The introductory verse of the Laghu-mānasa contains the phrase prakashadityavat khyatah. K.S. Shukla translates it as "famous as the Sun in Prakasha", but adds that it can alternatively translated as "well-known as light and sun" (interpreted to mean that the author was known by a name that meant "light" and "sun").

Several writers interpret the word prakasha (IAST: prakāśa, Sanskrit for "light") as the name of the town (pattana) where Mañjula lived. The commentators Suryadeva Yajva and Yallaya state that he lived in the town of Prakasha-pattana which was located in the northern part of the country (uttara-desha). The commentators add that the town had a famous temple of the Sun god, and in the regional dialect used there, the word "Mañjula" was a synonym of the sun.

The identity of this town is uncertain. Mallikarjuna Suri's commentary on Lalla's Shishya-dhi-vrddhida states that a town with this name existed 80 yojanas to the east of the Hindu prime meridian, and the equinocital midday shadow there measured 5.75 angulas. This suggests that the town existed near present-day Patna, at latitude 25°36' N and longitude 85°6' E.

== Works ==

The Laghu-mānasa is the only surviving work of Mañjula. But the prefix Laghu- ("small") suggests the existence of an earlier work titled Mānasa, alternatively called Bṛhan-mānasa or Mahā-mānasa ("large mānasa"). The introductory verse of Laghu-mānasa uses the adjective anyat ("another") to qualify the title of the text. The commentators Yallaya and Parameshvara interpret this to mean that Mañjula had written a larger work titled Bṛhan-mānasa. Prashasti-dhara also attests to the existence of a text titled Bṛhan-mānasa, describing it as "large and detailed". Bhaskara II and his commentator Munishvara quote certain verses from Mañjula, without mentioning the title of the text they are from; these verses may be from the now-lost Bṛhan-mānasa.
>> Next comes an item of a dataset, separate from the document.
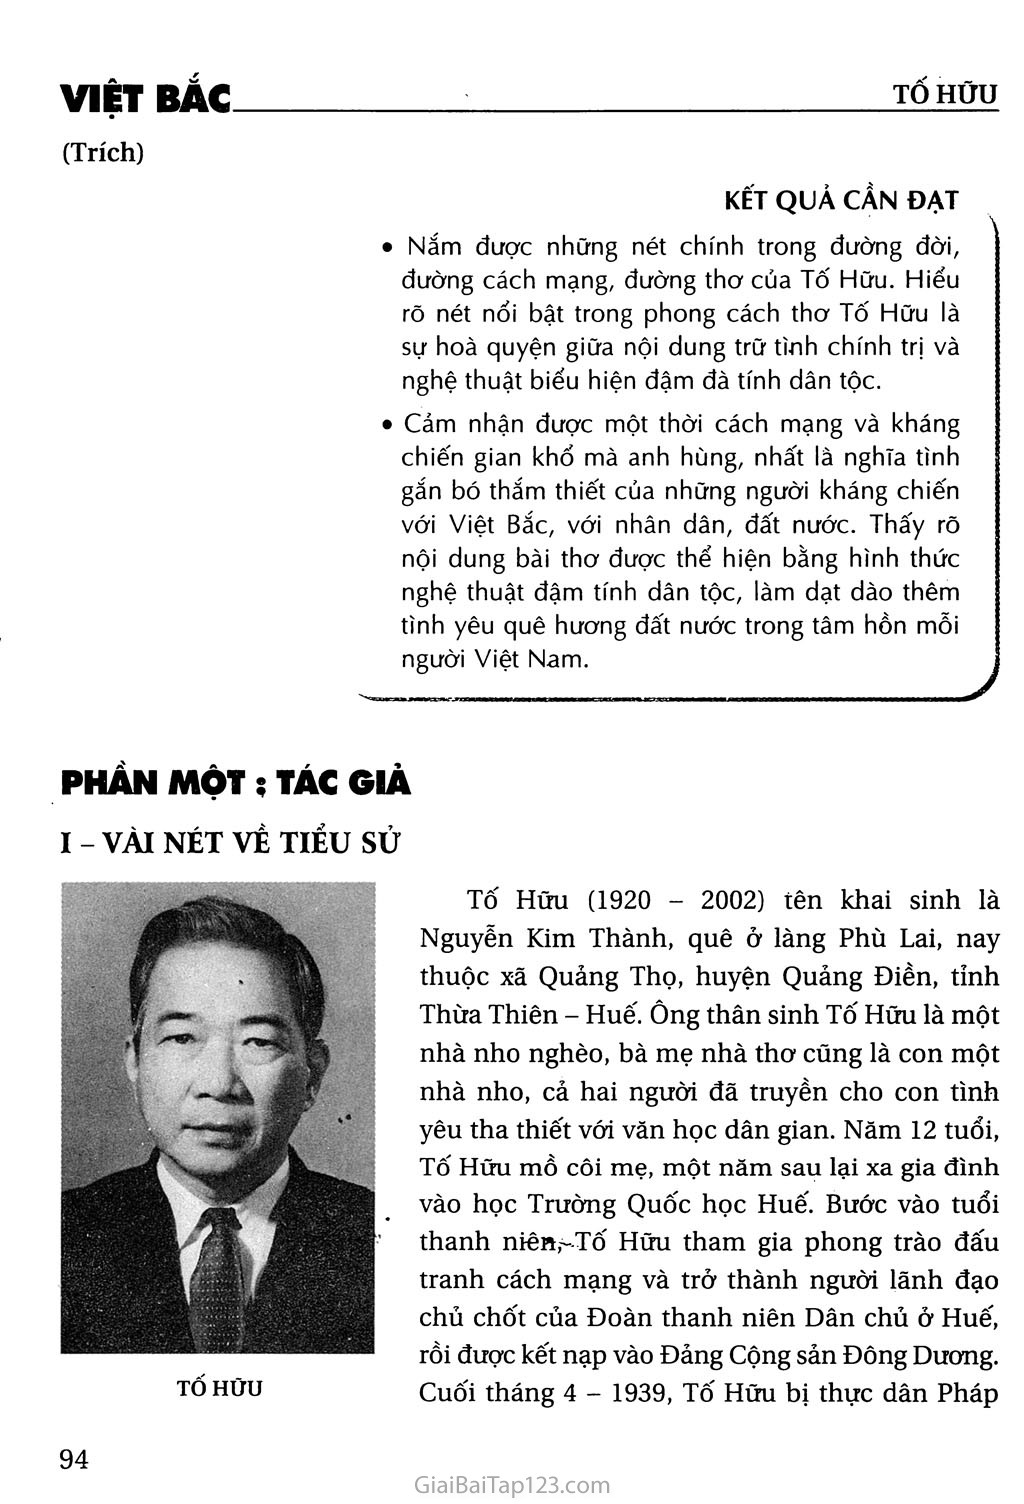 Việt Bắc (trích) trang 1

Another commentator, Suryadeva Yajva, provides a different interpretation of the word anyat: According to Surya-deva, Mañjula studied Mahā-mānasa and other astronomical texts, and wrote a text titled Laghu-mānasa as a summary of their content. He then asked one of his pupils to show the work to the regional king. The pupil took the work to the king, but claimed to have written it himself. Later, when Mañjula visited the king, he asked the king to conduct a test to determine the true authorship of the work. Accordingly, both Mañjula and his pupil were asked to write another text under the king's observation. Mañjula then wrote the present-day Laghu-mānasa, recalling the content of his earlier work but summarizing it an unusual way. The pupil failed to write any text, and the king punished him by banishing him from the kingdom. The king honored and rewarded Mañjula, destroyed his earlier work, and popularized his latest work.